SOURCE – A 31-year-old Delaware man has been charged with sexually assaulting ponies at an equestrian park near Wilmington, New Castle County police said Thursday.

Michael Riego of Hartly, Kent County, was arrested early Thursday and charged with two counts of felony bestiality and two counts of felony burglary, police said. He was arraigned and held with secured bail set at $12,000.

Police in February began investigating reports of injuries to ponies at the New Castle County Carousel Park and Equestrian Center caused by cords tied around their legs just above their hooves. The first reported injury occurred last September.

 

 

Tough week to get caught fucking a horse. There is nothing going on this week in quarantine that this guy basically shot up the board to top Philly story of the week. No one’s having a worse quarantine than Michael Riego. Listen, we’re all going through it together right now. The quarantine has had to be tough on the single guys going through a dry spell because they can’t meet up with Hinge dates. This guy seems like he’s been on a lifelong dry spell. You just can’t fuck a horse it’s simple. You’re never going to come back from beastiality charges in this world. His 15 year high school reunion at Smyrna High is going to be pretttttty awkward (this guy is definitely from Lower Slower).

 

Imagine this guy was probably gearing up to have the greatest Memorial Day Weekend he’s had in years, but needed to get out and tag one more pony before he could get his weekend started. Turns out Icarus here flew too close to the “fucking a horse” sun and had his wings clipped.

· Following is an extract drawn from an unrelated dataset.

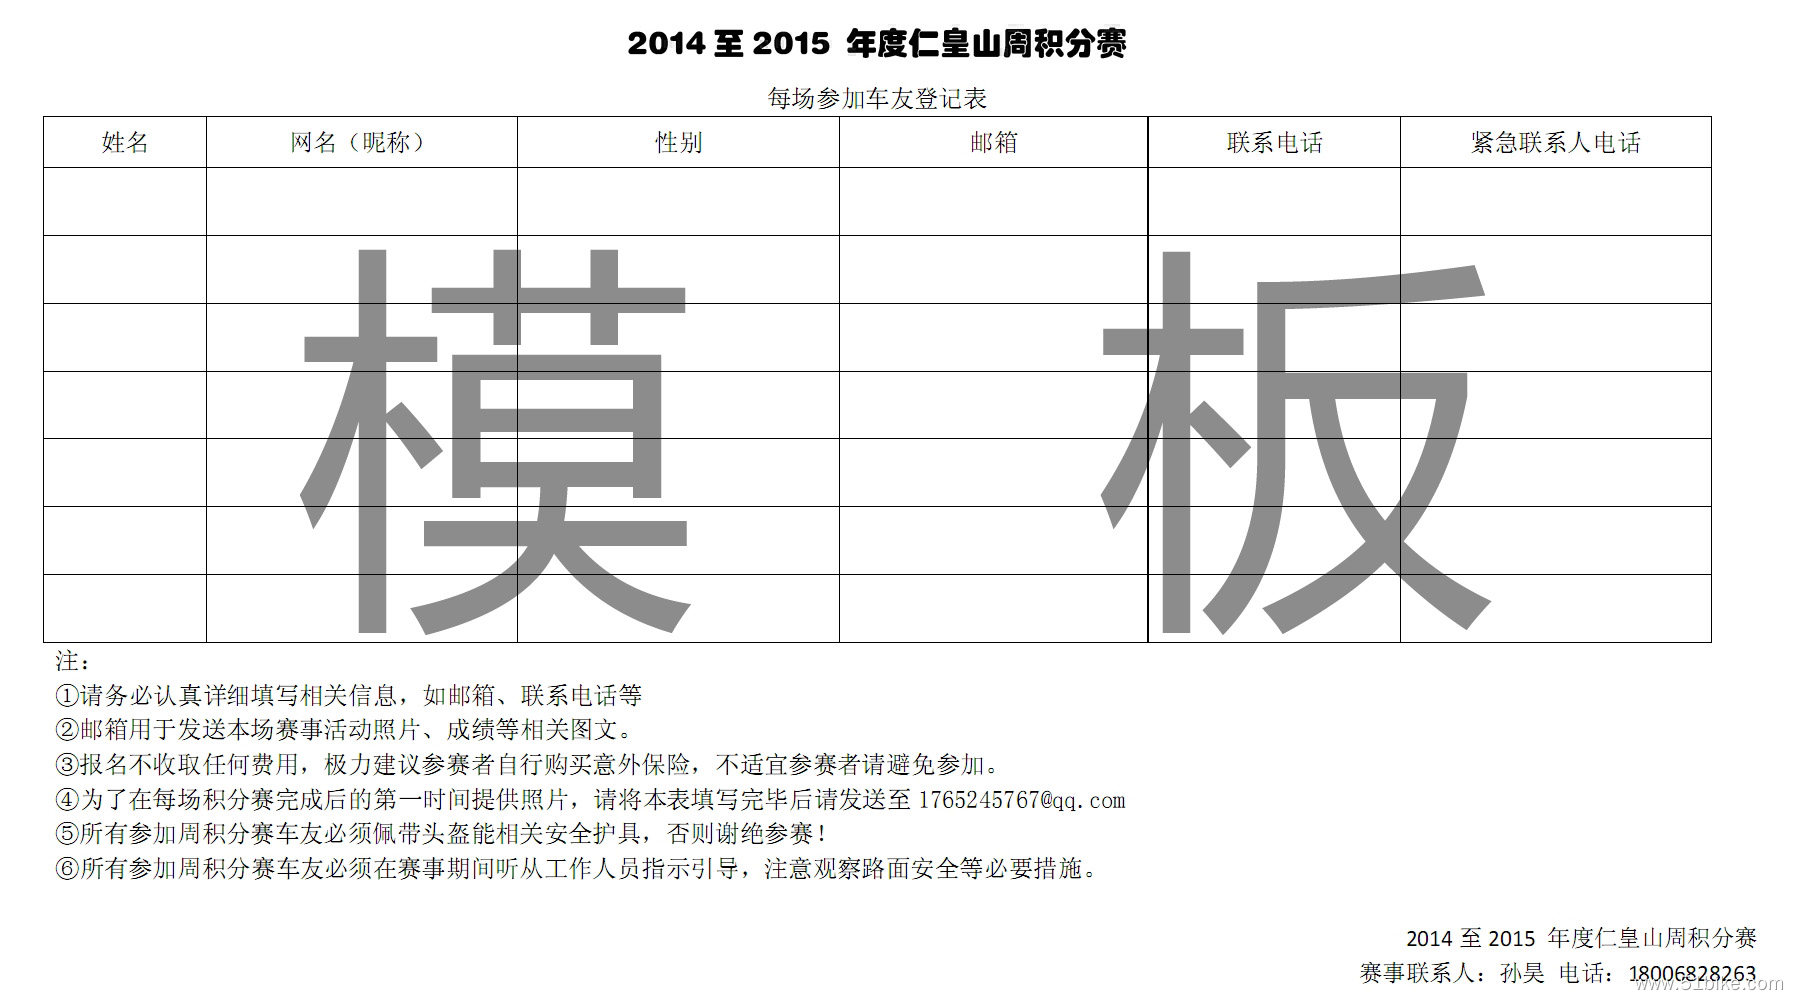 2014至2015 年度仁皇山周积分赛每周报名表.jpg

Do you think this guy cums every year during the Kentucky Derby? Is that equal to a naked mile of Playboy bunnies for him? I did some more research and this guy is from a town in Delaware called Hartly where there is only 74 people in the whole town. Imagine growing up with those slim pickings. If you’re not fucking horses in a town of only 74 people you’re honestly probably considered weird there. I mean the town doesn’t even have a government and taxes weren’t collected for two years.

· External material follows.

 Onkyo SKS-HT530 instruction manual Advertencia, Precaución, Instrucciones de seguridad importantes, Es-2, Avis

SOURCE – Hartly, with a population of 74, has no functioning government. There’s no one to pay the bills, collect taxes, enforce codes, or apply for state aid. Taxes for Delaware’s tiniest incorporated town haven’t been collected in at least two years and the town is thousands of dollars in debt. How much, exactly, is anybody’s guess.

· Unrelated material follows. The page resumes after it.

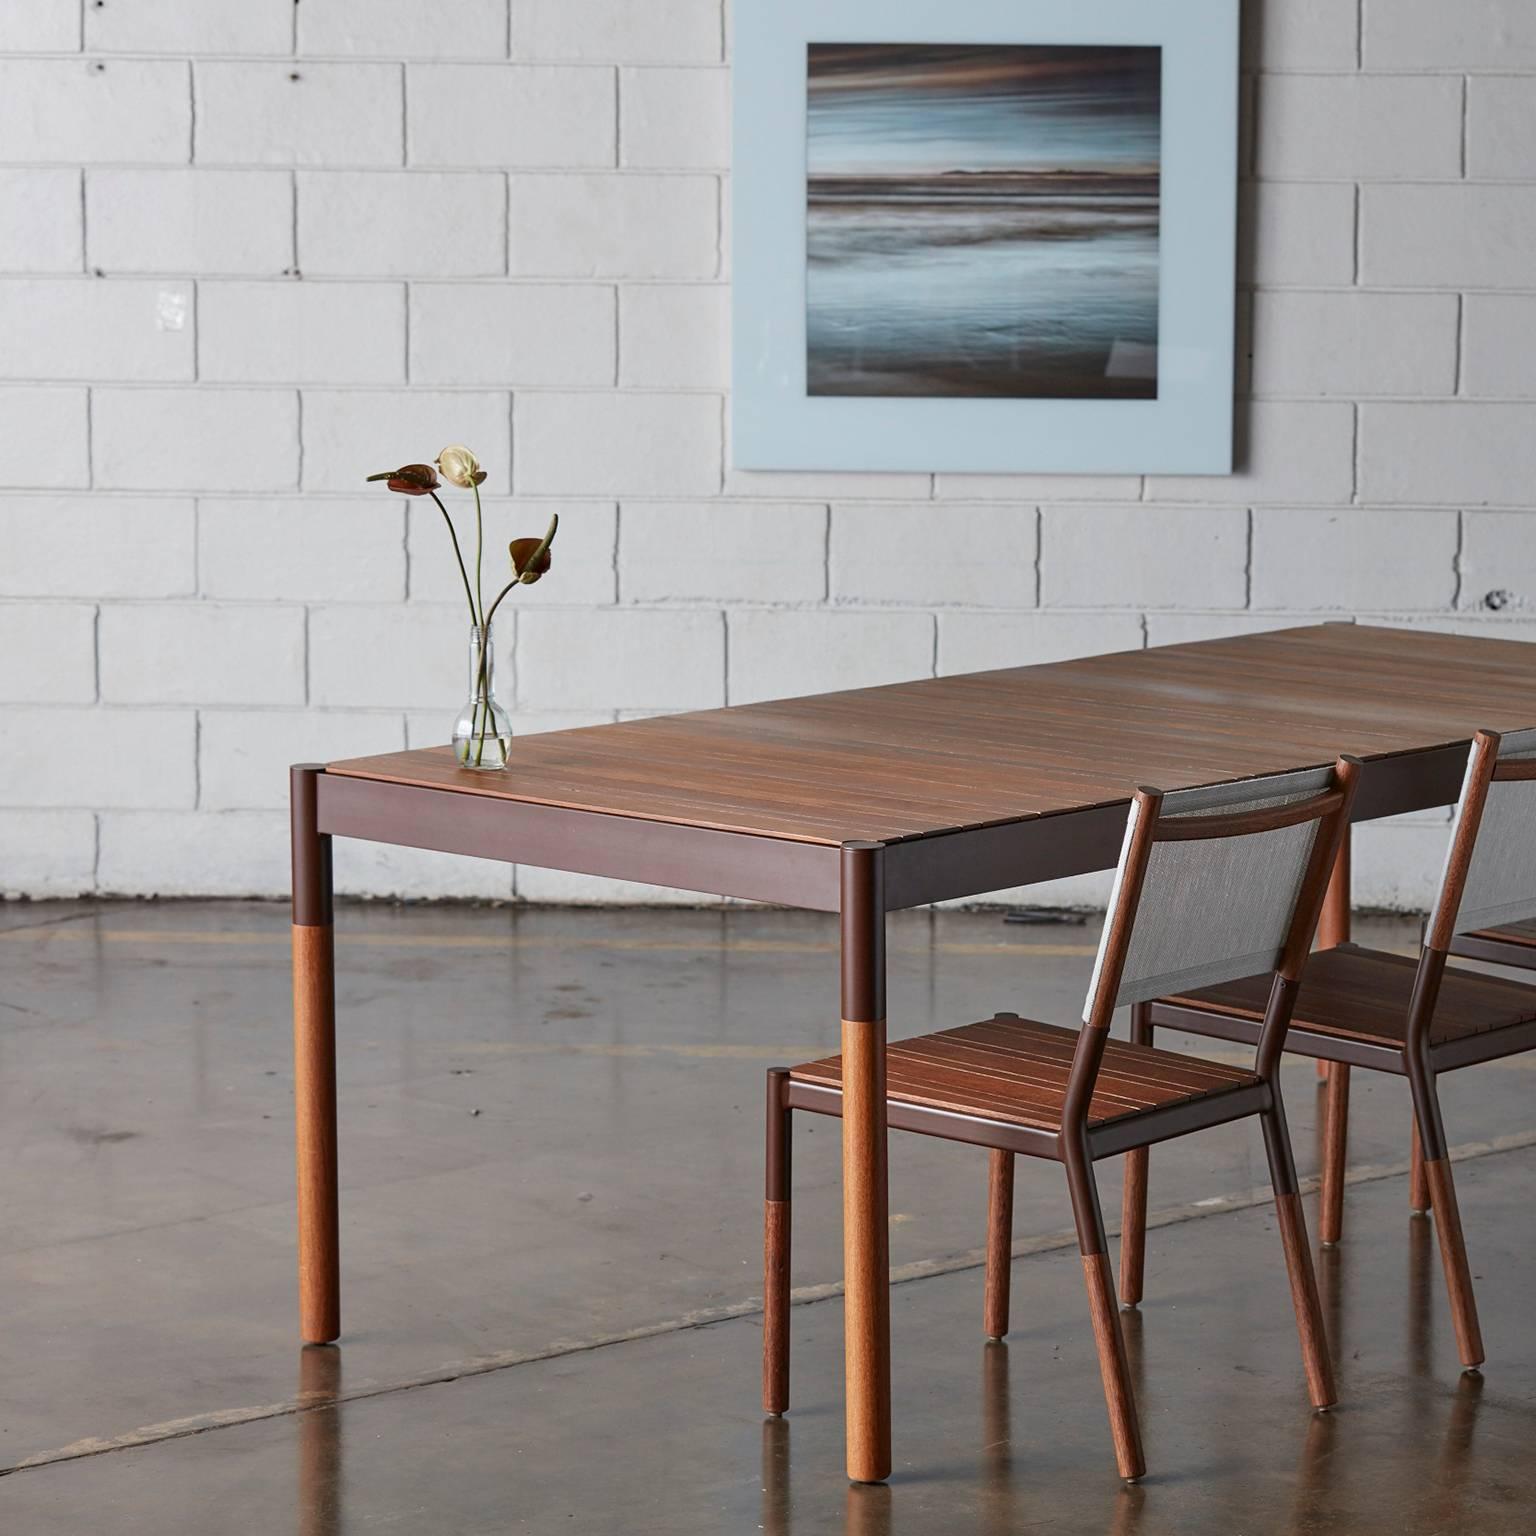 Cette table à manger d'extérieur est fabriquée en bois dur et en métal dans un design minimaliste. Il s'agit d'une table qui combine une fine épaisseur de bois massif avec un corps robuste, unissant l'aspect doux et moelleux du plateau avec

Hartly’s town commission ceased to exist about three years ago after fatigue hit the five-strong commission and the majority didn’t return to their official posts.

It’s lawlessness in Hartly, DE. I love the Hartly government saying fuck this and all agreeing to not show up to their posts ever again. That’s when you know this place is in a lose lose situation. And now they have a horse fucker to add to it. Look at all the headlines when you Google “Hartley, DE News”. I mean just imagine the stories we could write if we just focused on Hartly, DE.